Chapter 64 Giving a Machine a Brain
Chapter 64 Giving a Machine a Brain
After driving for forty minutes, we entered a gate with no visible signs.
There was no guard post at the entrance, but Lin Yu noticed something moving in the bushes on both sides of the road. It wasn't the wind making it.
The car stopped in front of a gray building. The building was not tall, only three stories, and the exterior walls had the kind of paintwork from the 1980s, mottled and very old.
But Lin Yu could tell at a glance that all the windows were made of thickened bulletproof glass.
The middle-aged man opened the car door and glanced back at the back seat.
"Ms. Xia and Mr. Wang, please wait in the car."
Wang Lei was about to say something when Xia Zijing stopped him.
Lin Yu got out of the car and followed the middle-aged man into the building.
The corridor was long, lit by stark white fluorescent tubes, and footsteps echoed on the terrazzo floor. At each corner, there was a person standing ramrod straight, staring straight ahead, motionless.
Three security gates.
Each step requires scanning identification, fingerprints, and iris scans.
The middle-aged man walked ahead without looking back the entire time.
The last door opened to reveal a small conference room.

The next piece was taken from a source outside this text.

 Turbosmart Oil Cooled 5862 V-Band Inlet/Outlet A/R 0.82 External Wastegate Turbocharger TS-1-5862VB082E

There was a long table, eight chairs, and a national flag hanging on the wall.
Two people were sitting across the table.
A man in his fifties, dressed casually, with his hair shaved very short, sat upright like a ruler. A cup of tea sat beside him, but the tea remained untouched—he hadn't drunk a drop.
The other one was wearing a white lab coat, tall and thin, with gold-rimmed glasses, a stack of documents spread out in front of him, and his lips pursed into a thin line.

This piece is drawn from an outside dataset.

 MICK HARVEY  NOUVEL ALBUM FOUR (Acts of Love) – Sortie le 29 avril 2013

The middle-aged man pulled out a chair for Lin Yu.
Lin Yu did not sit down.
He glanced around the room, his gaze lingering for a second on the national flag on the wall before settling on the short-haired man.
"Are you in charge?"
The short-haired man looked at him without frowning at his words.
My surname is Zhao.
He spoke, his voice not loud, but each word seemed to be nailed into the air: "You can call me Director Zhao."
"I am responsible for coordinating with external technical resources for the Sky Eye Project."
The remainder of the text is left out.